Я запустил руку в волосы. На фоне отмены у меня развилось предостаточно нервных тиков. Я ерошил волосы, грыз кутикулу, жевал губы. Тело будто постоянно искало, на что бы еще отвлечься, раз уж ему теперь не дают того, к чему оно привыкло.
Мне хотелось ответить Кристин, что нет, на самом деле я не считаю себя плохим, а говорю так, потому что чувствую себя виноватым, и, как по мне, это правильно. Отрицание подарило бы мне иллюзию, что я не так уж сильно разрушен, что работа по восстановлению не будет слишком сложной. Вот только я думал о Матье, которого уже нет рядом, которого у меня не хватило сил спасти. Думал о матери, о ее горе, которое поглотило бедняжку целиком. Об отчиме, который изо всех сил поддерживал Лину и тоже страдал. Как я мог посмотреть Кристин в глаза и сказать ей, что, несмотря на всю причиненную мной боль, я все равно считаю себя хорошим человеком? Не хотелось лгать ни ей, ни себе.
– Да, я правда так думаю. И что, я безнадежен?
– Нет, просто ты говоришь то, что чувствуешь. Это хорошо, но нам еще предстоит поработать над тем, как ты себя воспринимаешь.
– Так затем я сюда и пришел?
– Да.
– Джейк?
Голос Эмили врывается в мои мысли, резко выдергивает обратно в настоящее. Я вздрагиваю. Понимаю, что до сих пор тру последний поднос и тот уже буквально сияет первозданной чистотой.
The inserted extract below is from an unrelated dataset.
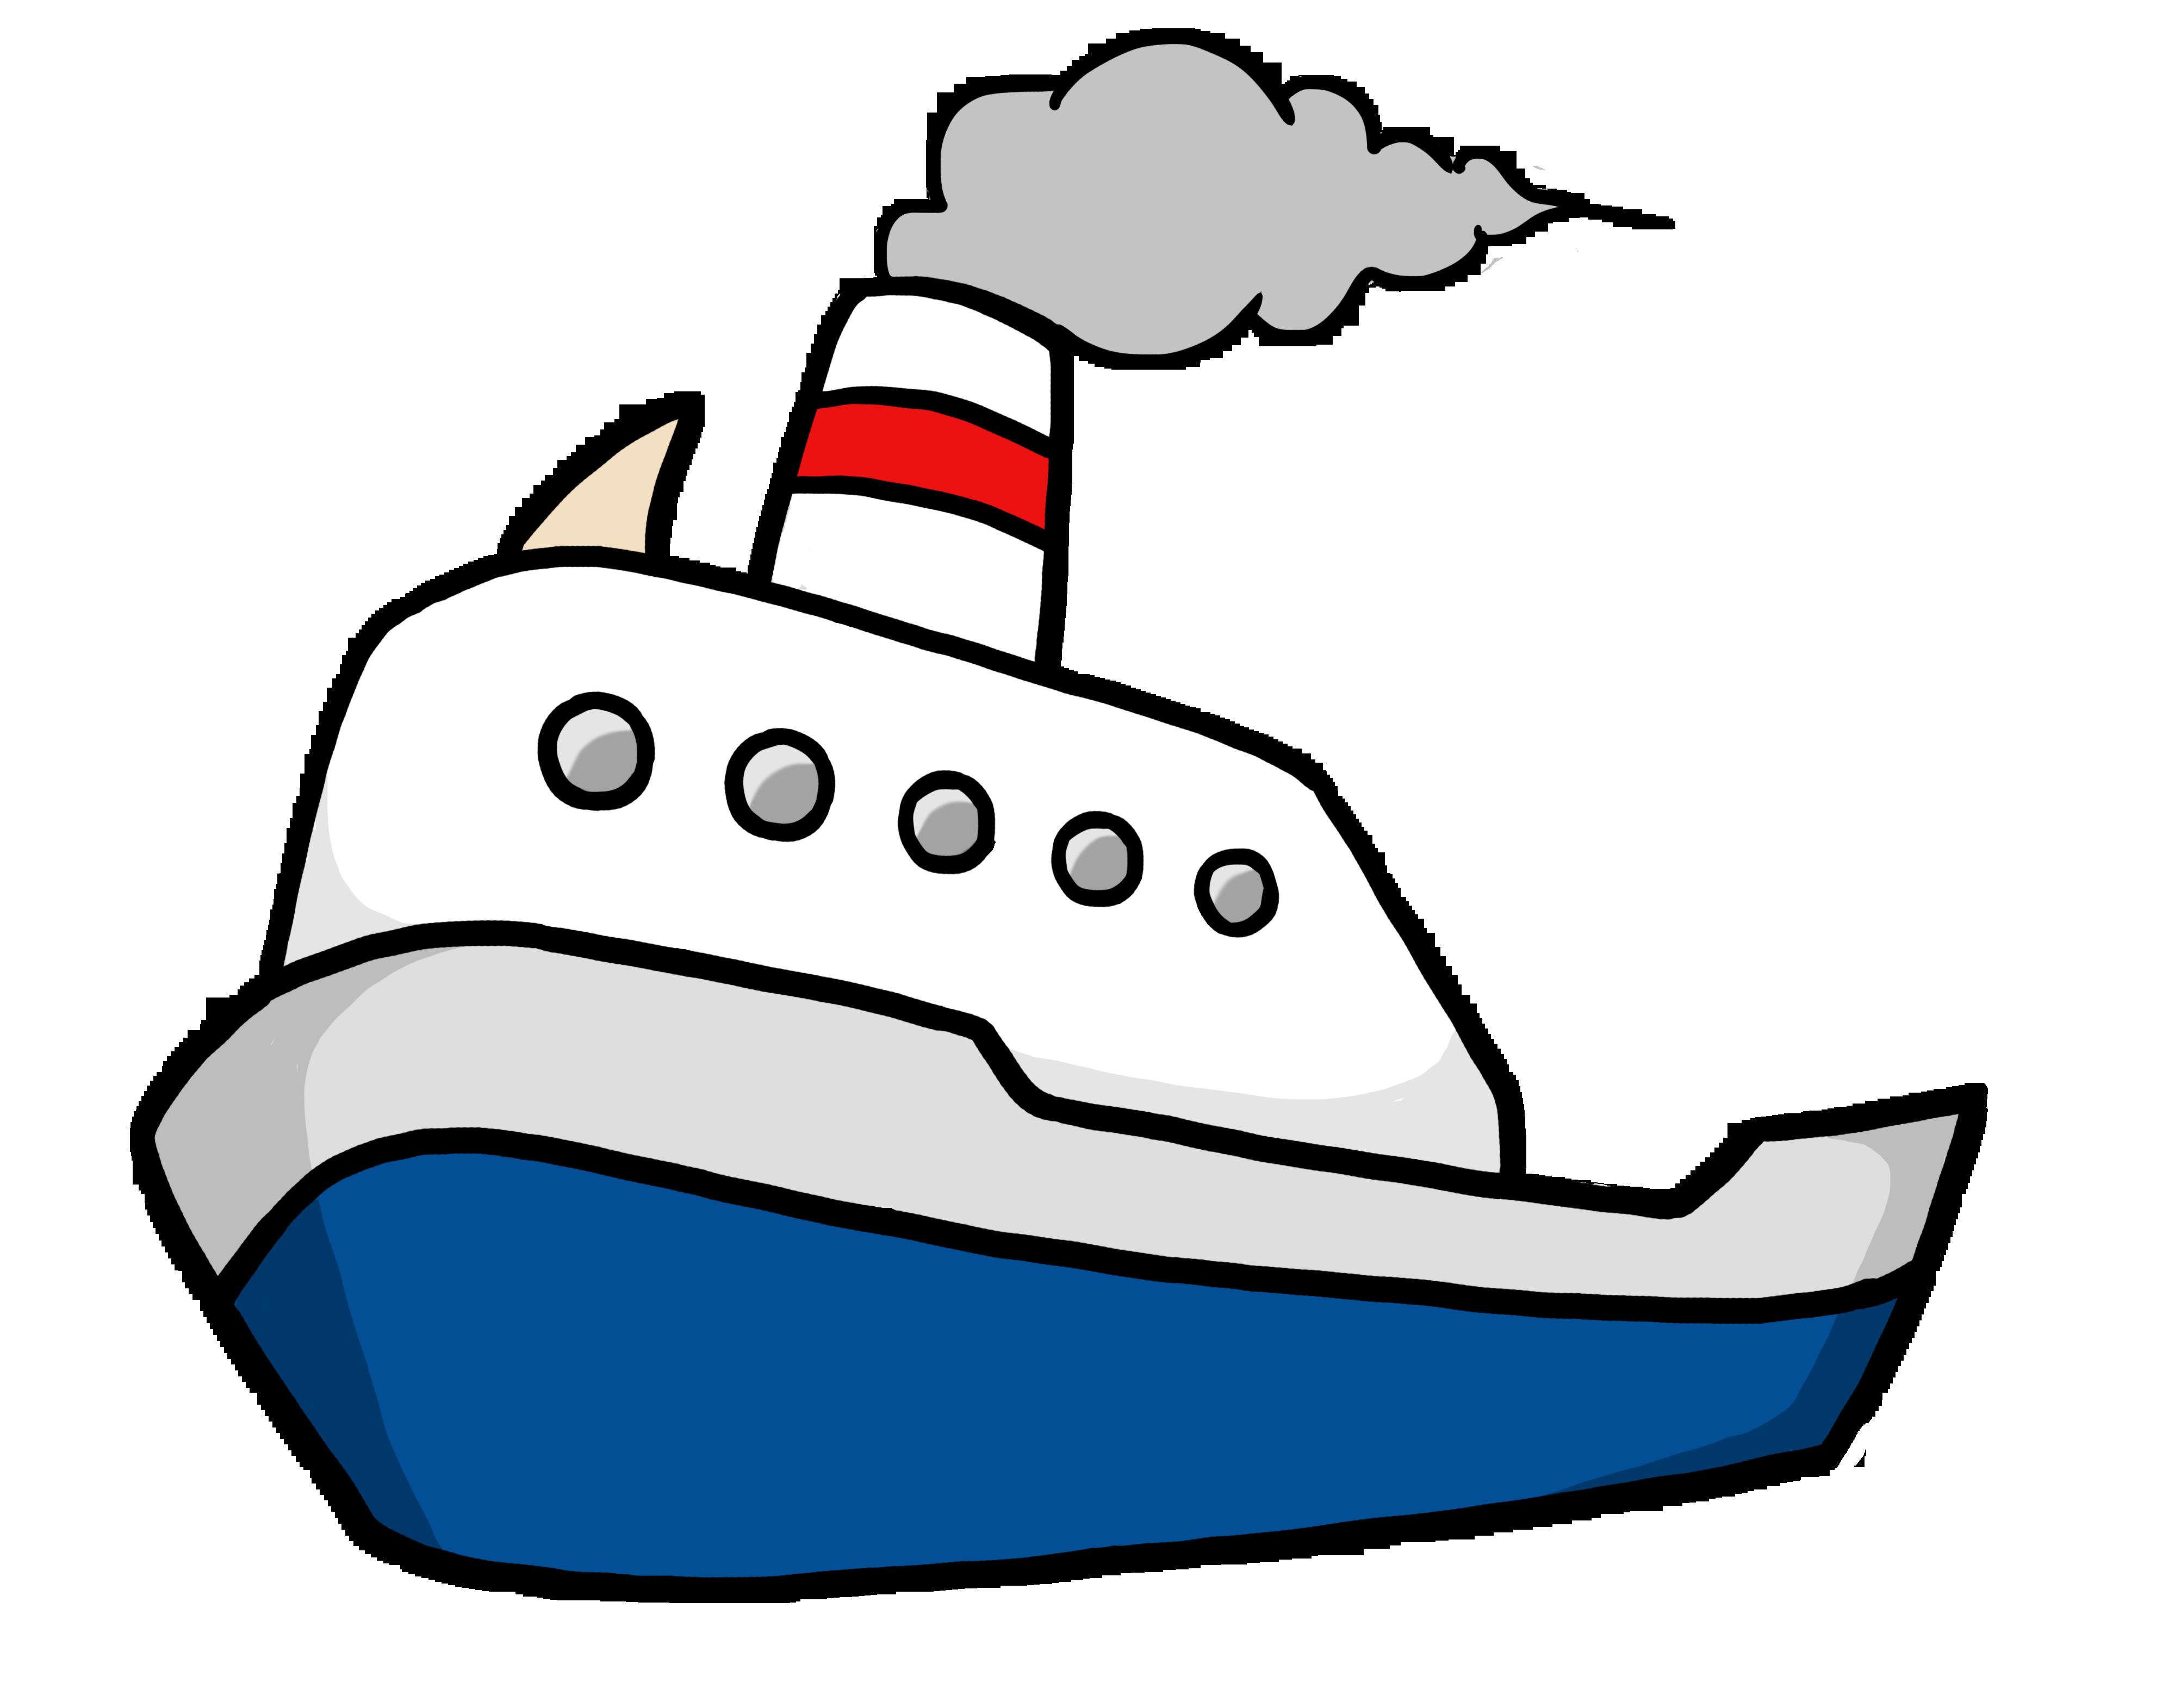 Row Boat Clipart Boat Clip Art | morze | Pinterest | Clip art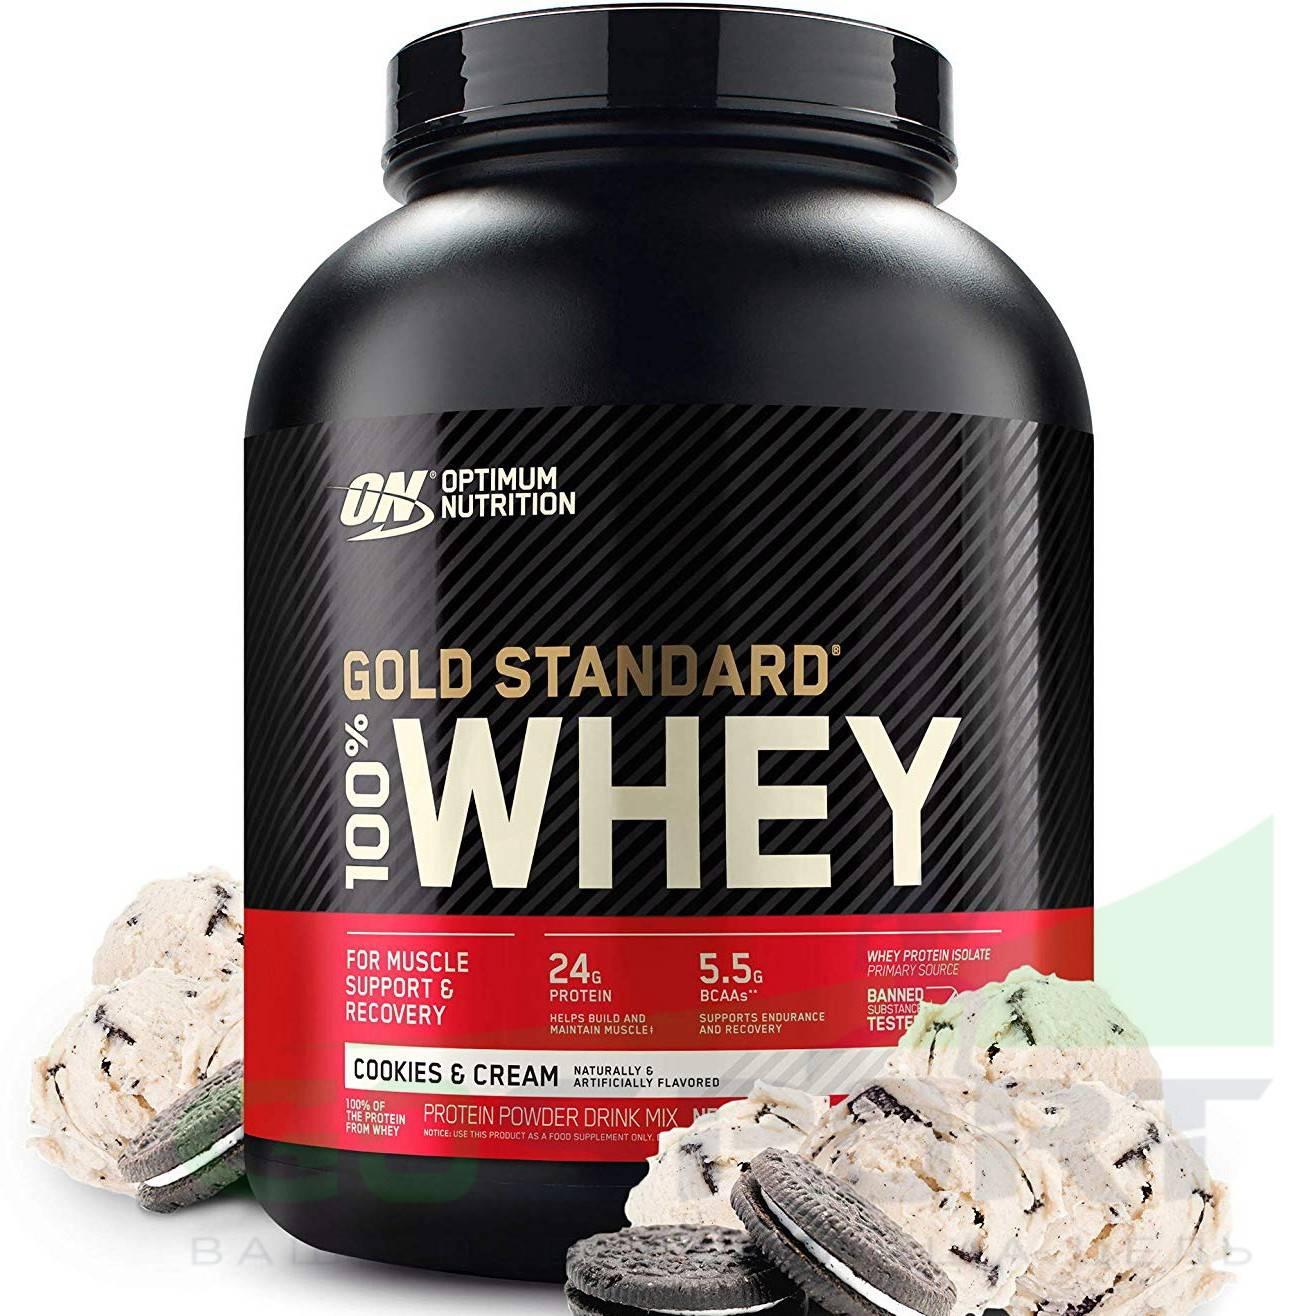 100% whey protein gold standard от optimum nutrition, как принимать, состав

Судя по висящей вокруг нас тишине, ресторан пуст. Роняю поднос в раковину. Он оглушительно грохочет, ударившись о металлическое дно.
– Прости, замечтался, – бормочу я, доставая поднос и ставя его на место.
– Ничего, просто хотела вернуть тебя на землю, пока ты дыру не протер. Ник очень любит свою посуду.
Я оборачиваюсь. Впервые за две недели лисичка смотрит мне прямо в глаза. Кажется, пытается пошутить, но сложно сказать, уж больно она серьезная. Я вытираю лоб. Футболка намокла от жары и тяжелой смены. Скорей бы принять душ и лечь на кровать, чтобы забыть этот день и перейти к следующему.
Эмили все не сводит с меня глаз.
– А где Ник? – спрашиваю я.
– Ушел относить последнюю доставку. Сказал, чтобы я закрывалась. Завтра в гости приезжает его сын с внуком.
– А-а.
Повисает молчание.
– Ты как? – наконец спрашивает она.
Я поднимаю брови. Похоже, и правда хреново выгляжу, раз уж даже Эмили нарушила свой обет молчания.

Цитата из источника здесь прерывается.